A gallery for the University of Durham, and earlier known as the Gulbenkian Museum of Oriental Art & Architecture, the Oriental Museum holds more than 23,500 artifacts from Chinese, Egyptian, Indian, Japanese, Korean and other far east countries. It is the only gallery in North England that houses artifacts and archeological treasures from Asia and North Africa.
The Oriental Museum enjoys international associations and holds multiple projects with universities and museums across Asia at Durham University. Over the last 50 years, the objective of the museum has changed from just working on archeology to anthropology, conducting teaching and research on geography or theology, to meeting the needs of visitors that include over 33,000 people each year.

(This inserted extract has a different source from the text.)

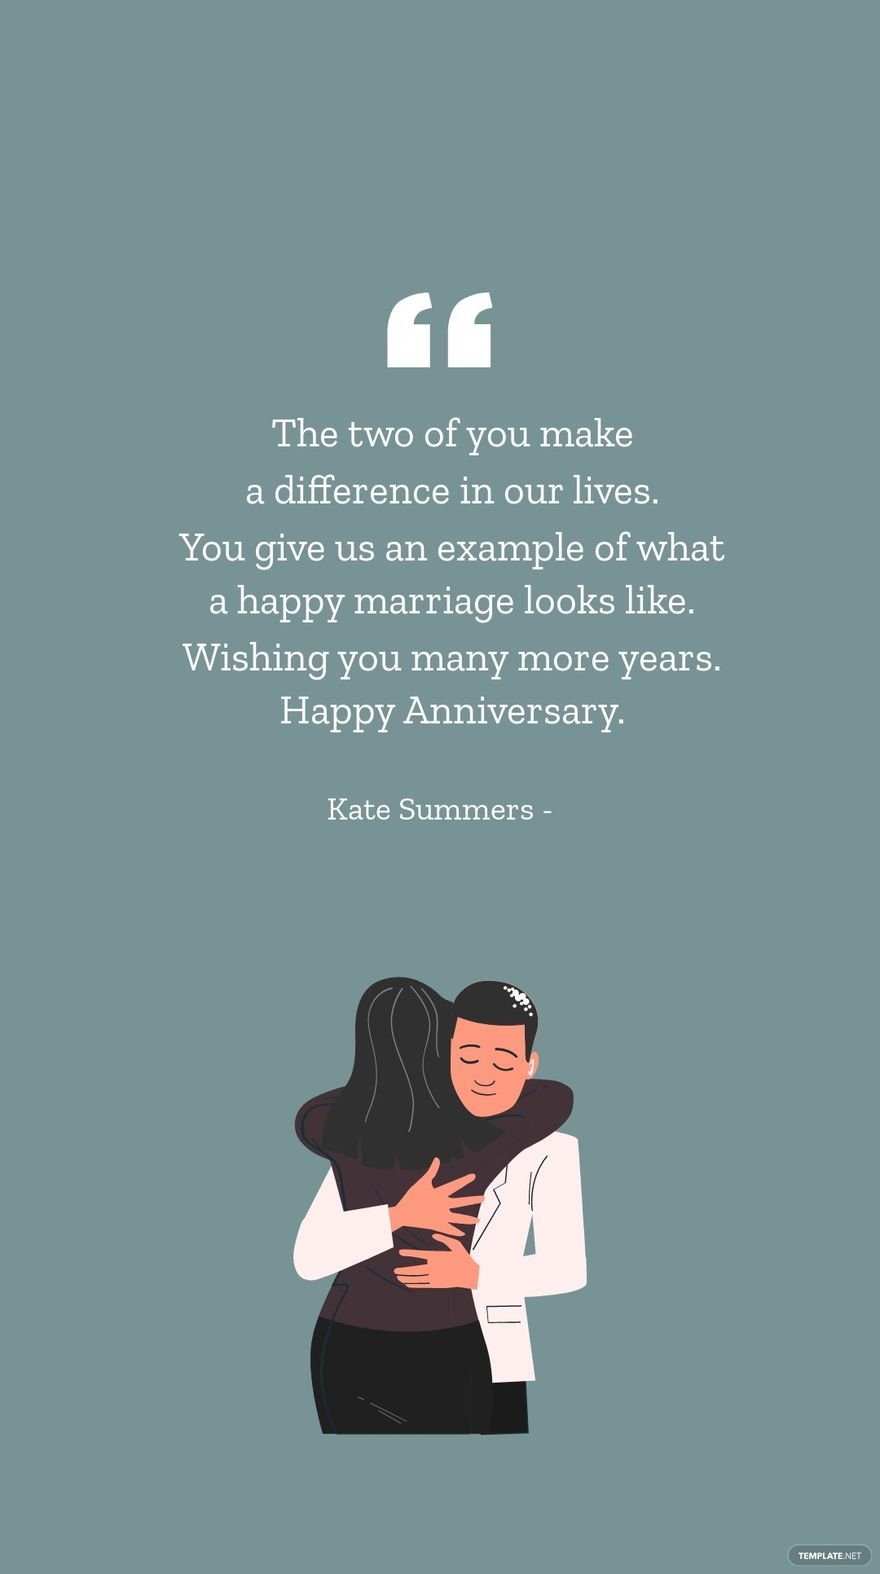 Kate Summers - The two of you make a difference in our lives. You give us an example of what a happy marriage looks like. Wishing you many more years. Happy Anniversary. in JPG

Originally a city market and now an area of grass at the heart of Durham, bordered by Durham Cathedral and Durham Castle, the Palace Green was added to the World Heritage Site by UNESCO in 2008. You’ll find a variety of structures from different eras, most of which are an essential part of the legacy and privileges of the Durham Prince Bishops and include Cosin’s Hall, Cosin’s Almshouse, the Music School, the Palace Green Library and the Moneyer’s Garth.
Durham Museum & Heritage Center
The Durham Museum and Heritage Center are symbolic of Durham City’s history from the medieval era to the present day, situated in an unwanted church in close proximity to the Durham Cathedral and Durham Castle. The museum exhibits the origins and evolution of the city of Durham with a display of some fascinating objects, illustrating the routine life, social environment and lost trade practices and industries from Durham’s history. A new addition to the collection is a pair of panels in stained glass that highlight Cecily de Neville and Richard Duke of York (Parents of Richard III) from the Brancepeth Castle.

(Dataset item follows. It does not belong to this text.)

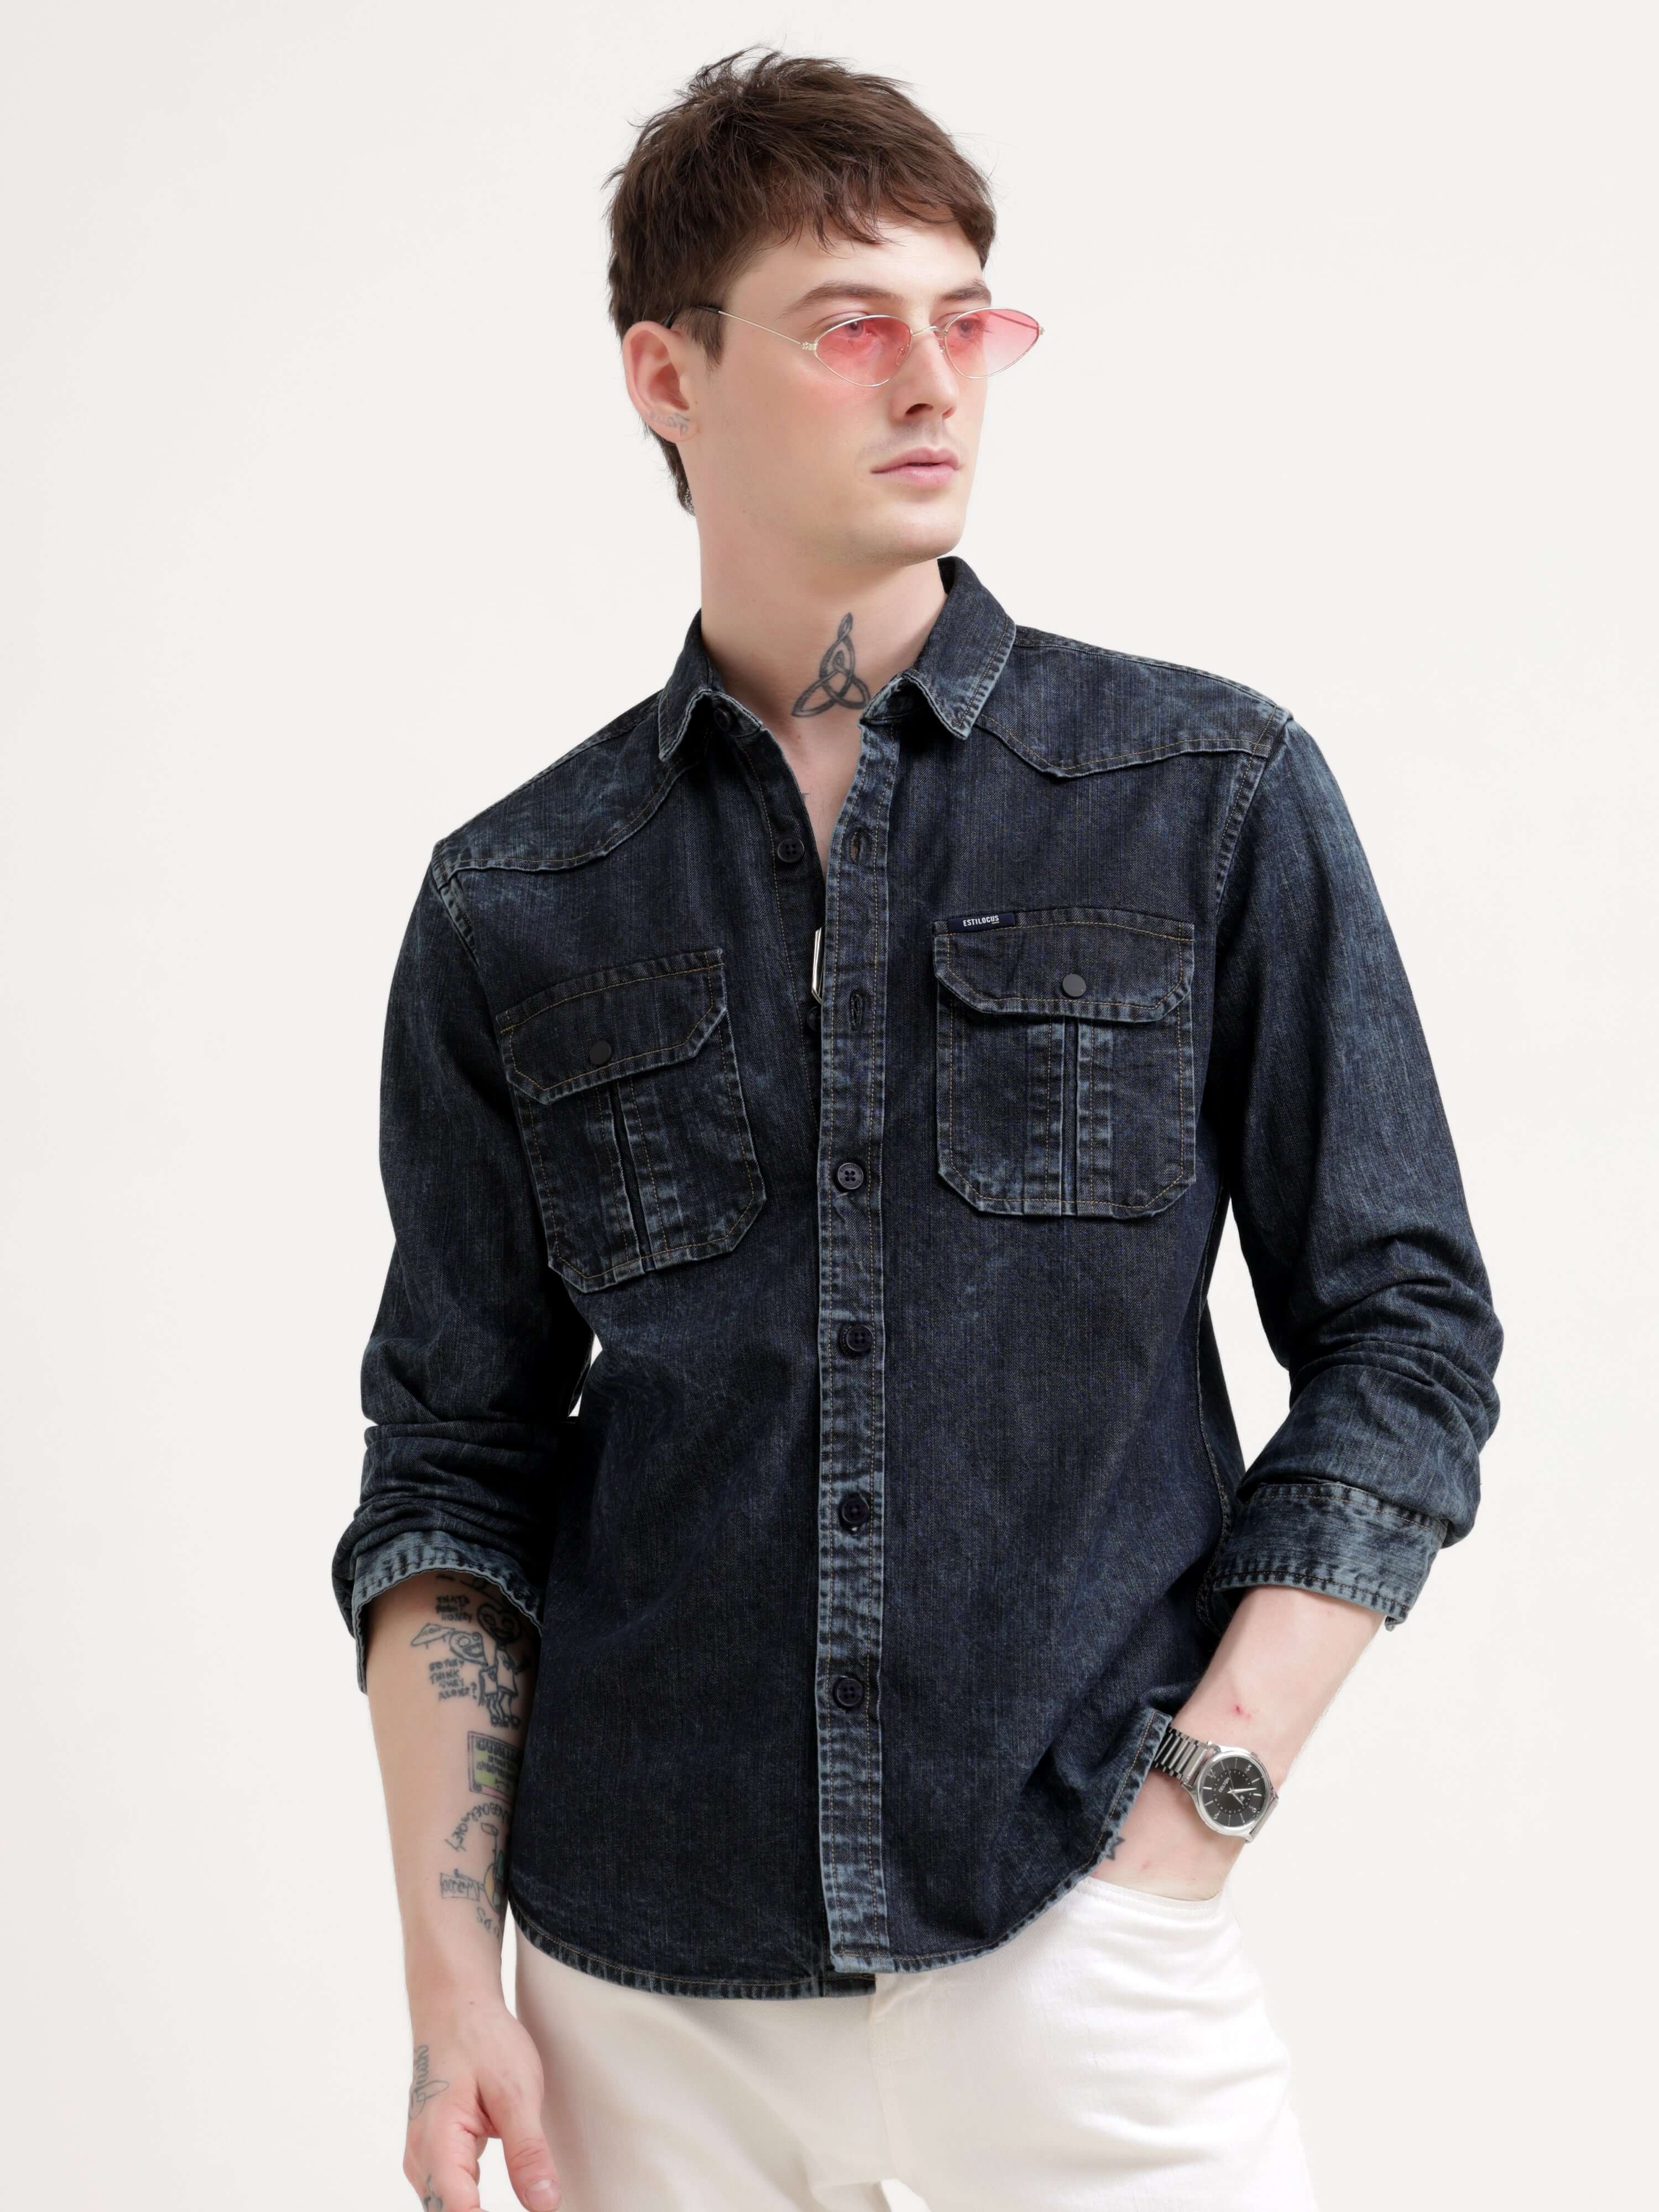 Storm indigo denim shirt - Men's Casual Wear shop online at Estilocus. Elevate your style with our Storm Indigo Denim Shirt, perfect for any season. Breathable, tailored, and polished for a sophisticated look.

In addition to the Framwellgate and Elvet bridges, the Prebends Bridge is one of the 3 stone arch bridges at the heart of Durham, over the River Wear. Considered one of Durham’s most visited location, on account of the picturesque sights it has to offer of the wooded riverbank and Durham Cathedral, the Prebends Bridge was built during 1772-1778, and was once a private road for the Chapter & Dean of Durham, through the Watergate between South Bailey and Quarryheads Lane.
Bishop Middleham Quarry
An abandoned mine, 4 km from the North-West side of Sedgefield, the Bishop Middleham Quarry is a site of significant scientific concern, popular nationally for the vegetation it supports. The quarry invites both forest bird species and farmland birds and is renowned for the breeding of European Bee-eaters in 2002. With a variety of some unusual species that thrive on the thin limestone soil, there is an assortment of orchard species that include common spotted, fragrant & bee orchid, pyramidal, dark red helleborines of the rare category, blue moor grass, fairy flax and autumn gentian. The Quarry also attracts a considerable number of butterflies of varied kinds.